The girls are so young and thin. I ask again – ok so where are they going tonight, where will they go? I cannot wrap my head around the fact that girls younger than my own daughters are literally taking care of themselves in one of the poorest and most dangerous countries in the world. I am looking at a girl of about five, covered in dust with a bandage around an ankle playing with a blue balloon.

“They sleep in different places, outside, usually near the market. If it is raining they might go on someone’s veranda until the morning.”

A young British man and a Western woman with a pained expression on her face are just leaving – volunteers perhaps. The British man tells me he works in the rural states, and is just visiting Juba. He seems dazed and subdued. “You see hungry children out there too but the level of squalor here….it just seems inhuman.” Apparently Cathy had taken them to see where the kids sleep and where they scavenge for food.

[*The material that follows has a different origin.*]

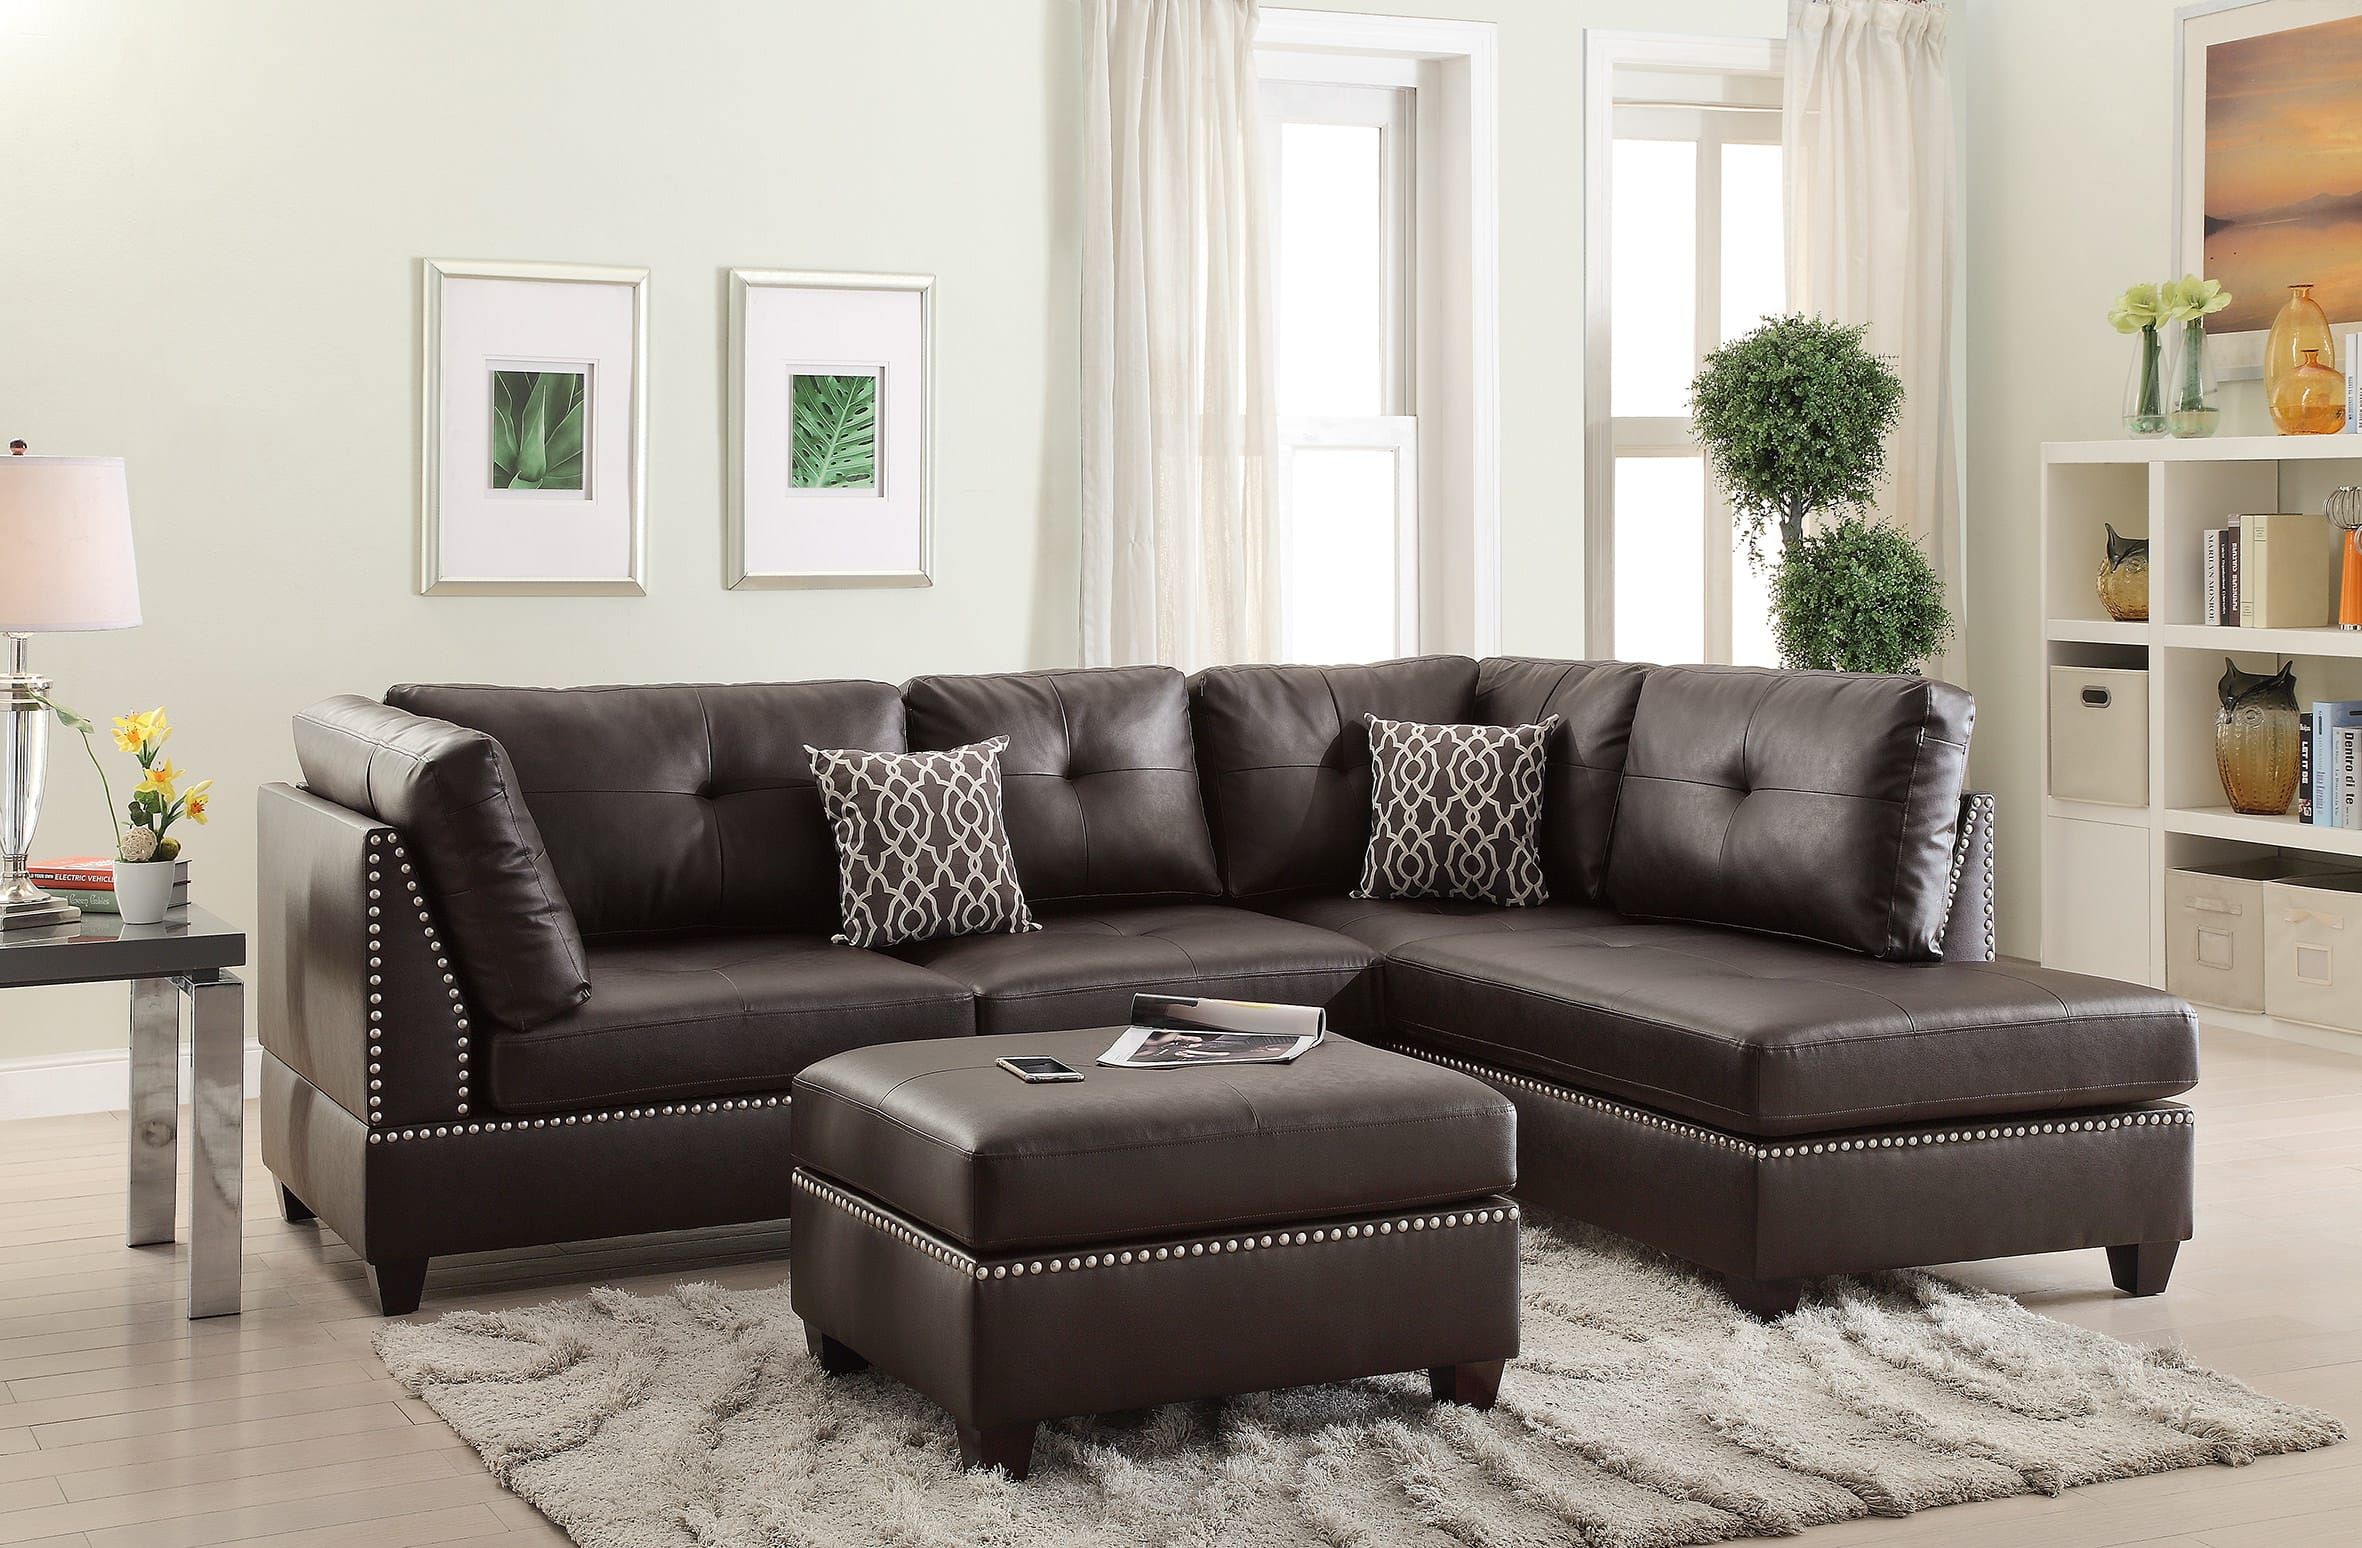 F6973 Espresso 3 Pcs Sectional Sofa Setpoundex Within 3 Piece Leather Sectional Sofa Sets (View 7 of 15)

I take some pictures and draw a crowd of kids with my camera as Cathy gives me a tour of the cinderblock house, which has an attractive red and silver metal roof. It feels solid, with good light, and has cinderblock bathrooms, detached. It was started with money from the government grant, and a group of Canadian contractors are donating their labor at no cost, working on it as they have time, around their regular day jobs. Cathy has finagled most of the building materials as in-kind contributions and estimates about $80,000 more is needed to finish it. The money will go to put in a solar electric system with a backup generator and to dig a borehole (well) for water. She also needs to put in toilets, plumbing, a gas tank and an oven for cooking. An NGO has promised beds already. Cathy tells me the girls often beg her to move into the house right now, and as we are speaking, three of them sweep away some dirt and lie down on the cool tile floor in the unfinished bedroom. Cathy can’t say how long it will take to finish; it depends on funding.

The plan eventually is to plant a large vegetable garden to include maize, corn, cucumbers, lettuce and spinach, along with a huge field of coriander to sell to markets and vendors. She also wants to teach the girls to bake cakes for sale. The children will go to school and learn how to make a living and/or grow food to eat. Right now, they have no way to earn money other than to sell themselves. Some of the girls are already involved in the sex trade.

As we walk out of the property, one of the younger girls, Margaret Dokia, who looks about five, tells Cathy she needs to get a car so she can drive everyone around.

“I will be your car,” Cathy says, slinging the little girl onto her back and walking up the dusty road.